JPMorgan
A view of the exterior of the JP Morgan Chase & Co. Corporate headquarters in the Manhattan borough of New York City, May 20, 2015. REUTERS/Mike Segar

JPMorgan Chase & Co, the biggest U.S. bank by assets, reported a drop in quarterly profit -- its first in five quarters — as costs to cover sour loans to troubled oil companies rose and revenue from investment banking declined.

But both earnings and revenue beat analysts' lowered expectations, helping lift the shares of the bank and those of its rivals in premarket trading on Wednesday.

JPMorgan is the first U.S. bank to report results for what is generally being seen as the banking industry's worst start to a new year since the 2007-2008 financial crisis.

And its results may be as good as it gets for the banks in the quarter, analysts said.

"We expect (the) results will be best in class and may be a rare example of a bank stock this quarter where consensus estimates could remain steady post results," Goldman Sachs analyst Richard Ramsden wrote in a client note.

Banks around the world have been hit by a slide in commodity and oil prices, a slowdown in China, near-zero interest rates, mounting regulatory costs and hefty capital requirements.

Stock market activity picked up in March, but that was not enough to make up for weak trading volumes during a volatile January and February.

Industry-wide, investment banking fees fell 29 percent in the first three months of 2016, the slowest first-quarter since 2009.

JPMorgan's investment banking revenue slumped 24.5 percent on lower debt and equity underwriting fees even though the bank topped the global league table with $1.22 billion in fees during the quarter, according to Reuters data.

Financial stocks were the worst performers in the S&P 500 index in the quarter, falling 5.6 percent compared with the overall index's rise of 0.8 percent.

JPMorgan's stock fell 10.3 percent in the period - but the shares of its five big U.S. rivals fell by even more.

JPmorgan shares were up about 2.6 percent in premarket trading, while those of Bank of America Corp and Citigroup were up 1.8 percent and 1.9 percent respectively.

Investors and regulators have been concerned that depressed oil prices over the past year and a half have put not only corporate borrowers at risk but is leading to job losses that threaten the overall economy, adding to banks' bad loans.

The bank may need to boost its provisions for oil and gas loans by $500 million this year, Chief Financial Officer Marianne Lake said on an analysts' call, taking total such provisions to about $1 billion.

J.P. Morgan Chase & Co. (JPM) Stock Price - 1 Year | FindTheCompany

But JPMorgan Chief Executive Jamie Dimon struck a positive note overall, saying "the U.S. consumer remains healthy and consumer credit trends are favorable" and that he did not expect a recession in 2016.

JPMorgan's net income fell 6.7 percent to $5.52 billion in the first quarter ended March 31. The bank earned $1.35 per share, handsomely beating the average estimate of $1.26, according to Thomson Reuters I/B/E/S.

Total revenue fell 3 percent to $24.08 billion, but beat the average estimate of $23.40 billion.
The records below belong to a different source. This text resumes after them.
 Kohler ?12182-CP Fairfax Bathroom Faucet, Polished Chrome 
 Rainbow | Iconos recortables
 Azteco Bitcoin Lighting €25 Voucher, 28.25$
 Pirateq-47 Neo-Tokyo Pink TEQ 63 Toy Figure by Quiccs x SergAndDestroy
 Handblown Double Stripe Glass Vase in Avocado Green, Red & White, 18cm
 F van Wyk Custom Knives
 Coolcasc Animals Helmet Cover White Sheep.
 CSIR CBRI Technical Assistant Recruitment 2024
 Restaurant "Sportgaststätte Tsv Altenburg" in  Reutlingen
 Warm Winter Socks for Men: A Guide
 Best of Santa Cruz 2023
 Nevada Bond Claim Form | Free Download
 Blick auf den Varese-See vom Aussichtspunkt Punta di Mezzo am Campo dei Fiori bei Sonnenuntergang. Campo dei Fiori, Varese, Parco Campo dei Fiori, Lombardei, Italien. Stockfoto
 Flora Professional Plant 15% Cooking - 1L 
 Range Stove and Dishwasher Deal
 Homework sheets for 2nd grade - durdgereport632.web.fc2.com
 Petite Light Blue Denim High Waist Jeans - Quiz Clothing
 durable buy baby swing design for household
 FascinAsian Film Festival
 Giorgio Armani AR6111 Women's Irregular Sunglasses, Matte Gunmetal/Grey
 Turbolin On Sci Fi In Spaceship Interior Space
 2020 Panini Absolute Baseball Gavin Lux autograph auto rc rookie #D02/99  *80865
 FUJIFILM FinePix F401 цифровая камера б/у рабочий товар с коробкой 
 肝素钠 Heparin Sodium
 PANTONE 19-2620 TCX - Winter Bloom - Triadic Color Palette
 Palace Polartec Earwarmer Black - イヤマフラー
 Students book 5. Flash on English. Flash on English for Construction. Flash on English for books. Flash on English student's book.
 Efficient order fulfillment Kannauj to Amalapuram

Revenue from fixed-income trading - often JPMorgan's most volatile business - fell 13.4 percent to $3.60 billion.

Fourteen of 29 analysts covering the company lowered their earnings per share estimate by an average 1.5 percent in the last 30 days, according to Reuters data.

Provision for credit losses nearly doubled to $1.82 billion, mainly due to reserve increases related to the oil and gas and metals and mining sectors.

Bank executives had warned in February that they expected to shell out $500 million more in provision for expected losses on energy loans.

Total non-interest expenses fell 7 percent to $13.84 billion, helped by lower legal costs.

Like other U.S. banks, JPMorgan has resorted to aggressive cost controls to underpin earnings over the past several quarters as revenue growth remains sluggish.

Bank of America Corp and Wells Fargo & Co, the second and third-biggest U.S. banks, report on Thursday.